Die Fastenzeit hat begonnen – vielleicht haben wir uns etwas vorgenommen in diesen Tagen zu tun, oder zu unterlassen – Vorsätze gefasst:
- Besuche bei alten oder kranken Familienangehörigen oder Freunden zu machen, die wir lange aufgeschoben haben
- Mehr Zeit zu nehmen für unsere Kinder oder Eltern
- Mal wieder Sport zu treiben
- Regelmäßiger zu beten und in der Heiligen Schrift zu lesen
- Auf Alkohol verzichten
- Weniger oder gar nicht zu rauchen
- Zu Fasten, was auch immer das für jeden heißen mag ...

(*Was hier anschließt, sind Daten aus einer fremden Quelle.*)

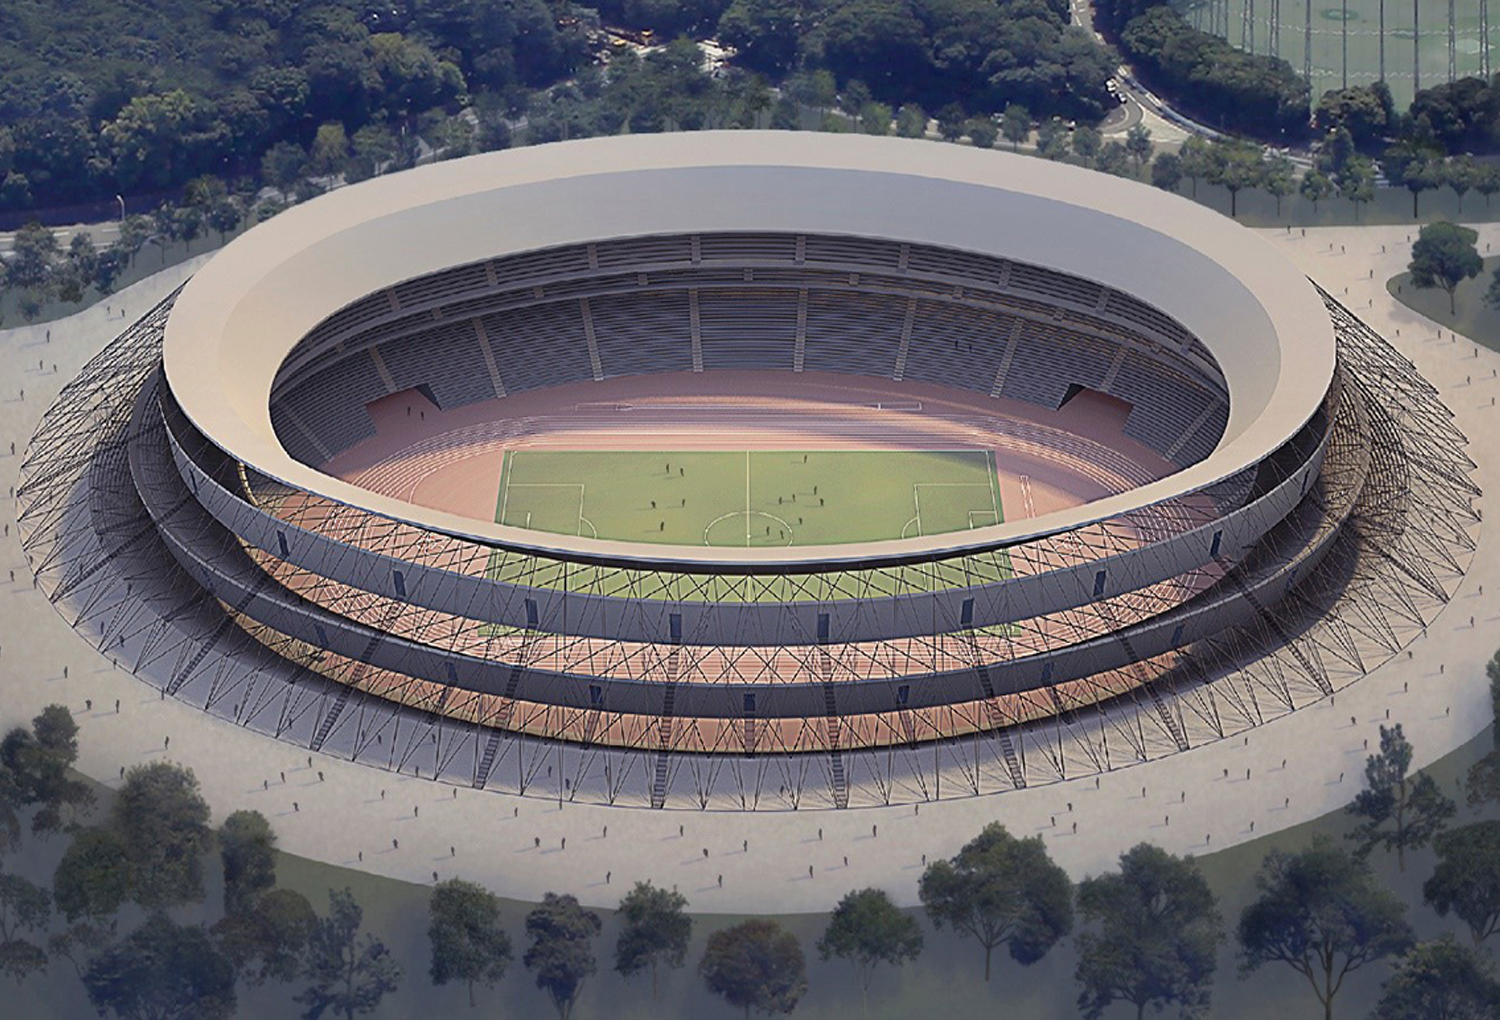 National Stadium Tokyo 2020 - P. D’Acunto, L. Ingold, O. P. Ohlbrock - 2016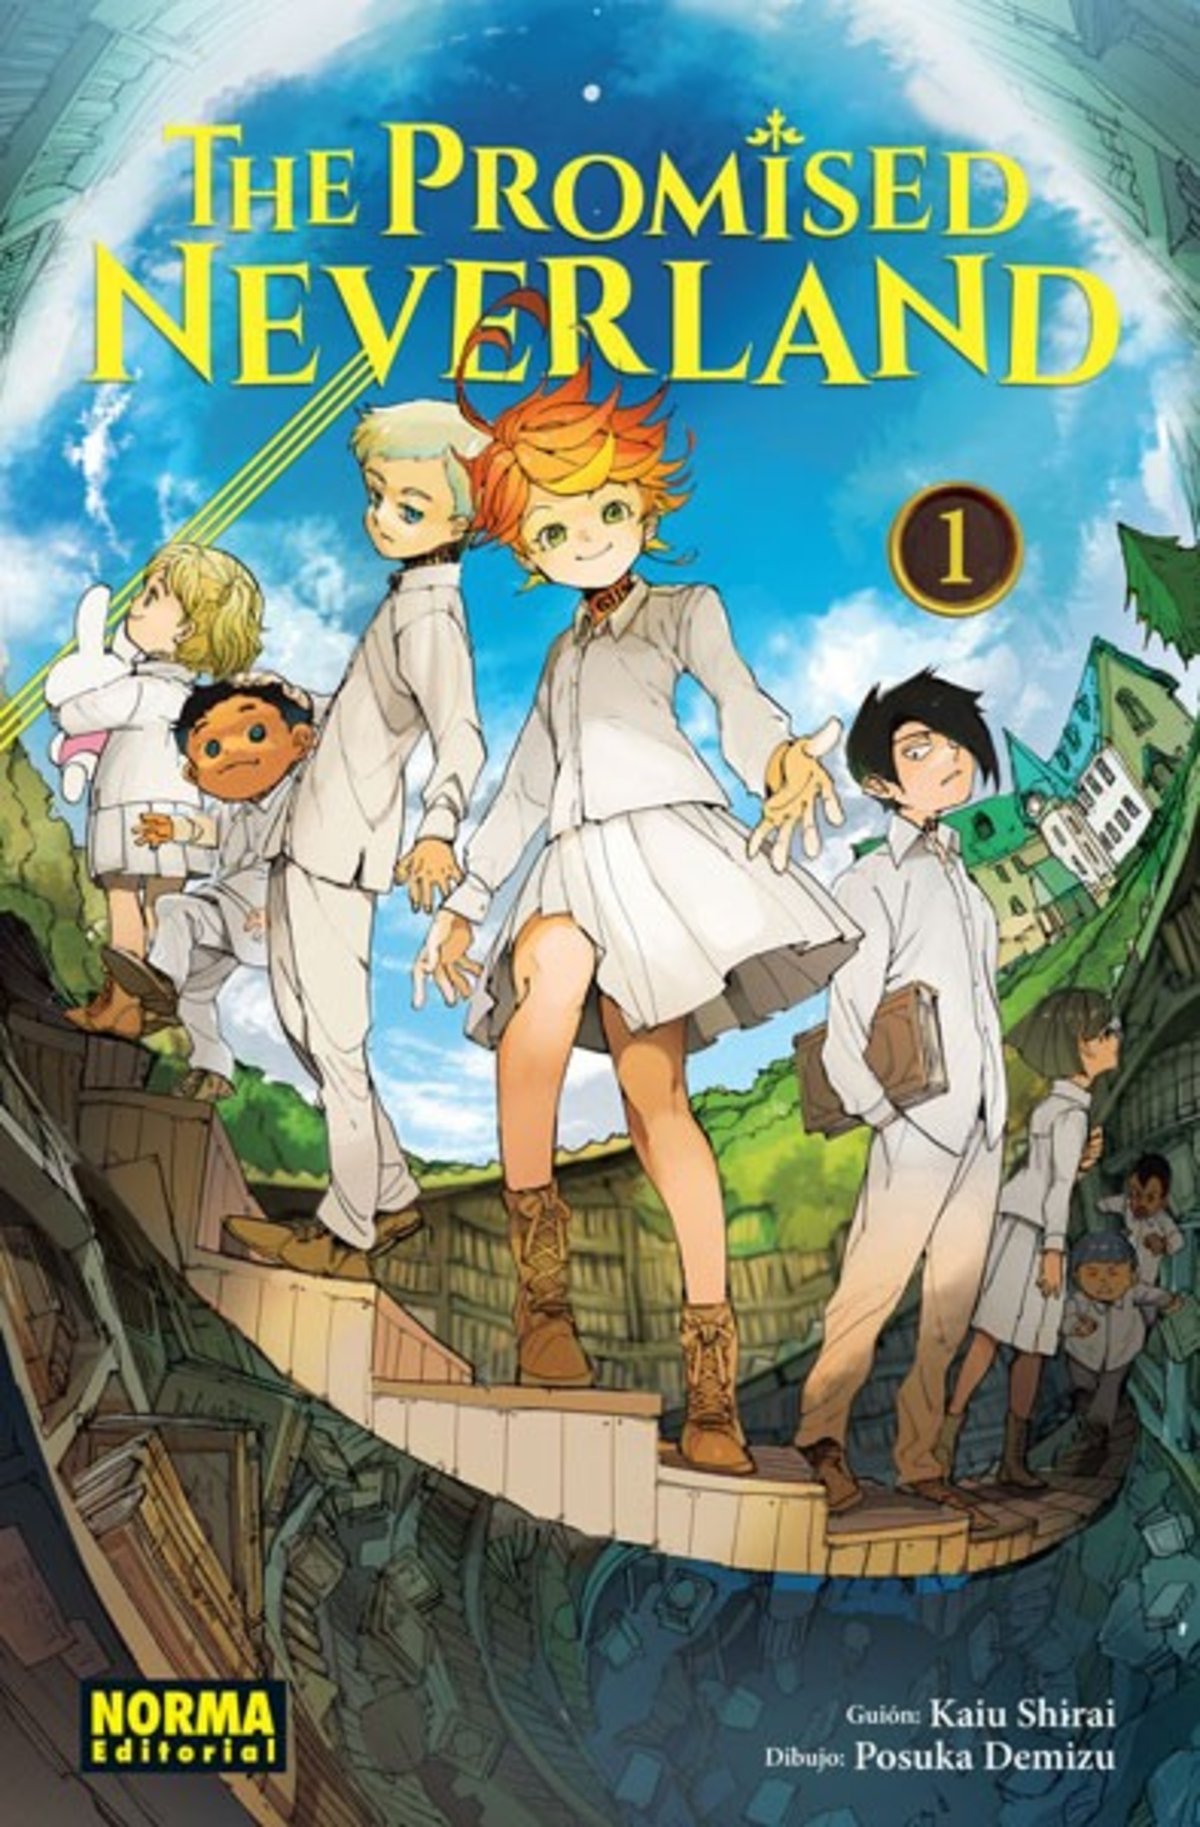 No Solo Gaming: The Promised Neverland de Kaiu Shirai y Posuka Demizu

Die Liste ist variabel zu ergänzen oder zu verändern. Vierzig Tage machen wir uns so auf den Weg auf Ostern zu. Dabei finden wir viele Menschen in der Bibel, die sich mit uns solidarisieren: 40 Jahre war das Volk Israel durch die Wüste unterwegs, 40 Tage wanderte der Prophet Elia durch die Wüste, 40 Tage war Jesus in der Wüste zur Vorbereitung seiner irdischen Mission (...) Die Zahl 40 – eine wichtige Zahl, eine Zahl, die es in sich hat.
Aber Halt! Haben Sie einmal gezählt die Tage vom Aschermittwoch bis Ostern? – das sind mehr als 40! Ja, wir dürfen die Sonntage ausnehmen in der Fastenzeit. Am Herrentag können wir Luft holen von der anstrengenden Woche und uns auch ein Glas Wein gönnen. Jeder Sonntag ist ein Feiertag und kein Fasttag.
Manchmal schmuggeln sich auch noch andere Tage in die Fastenzeit ein, die uns vom Fasten befreien, zum Gottesdienst einladen und feiern lassen, so in diesem Jahr der Josefstag am 19. März und das Hochfest der Verkündigung des Herrn am 25. März. Die Devise heißt: Fasten mit Maß, damit der Weg nicht zu weit und zu anstrengend für uns ist – und wir an den anderen Tagen konsequent das tun, was wir uns auferlegt haben.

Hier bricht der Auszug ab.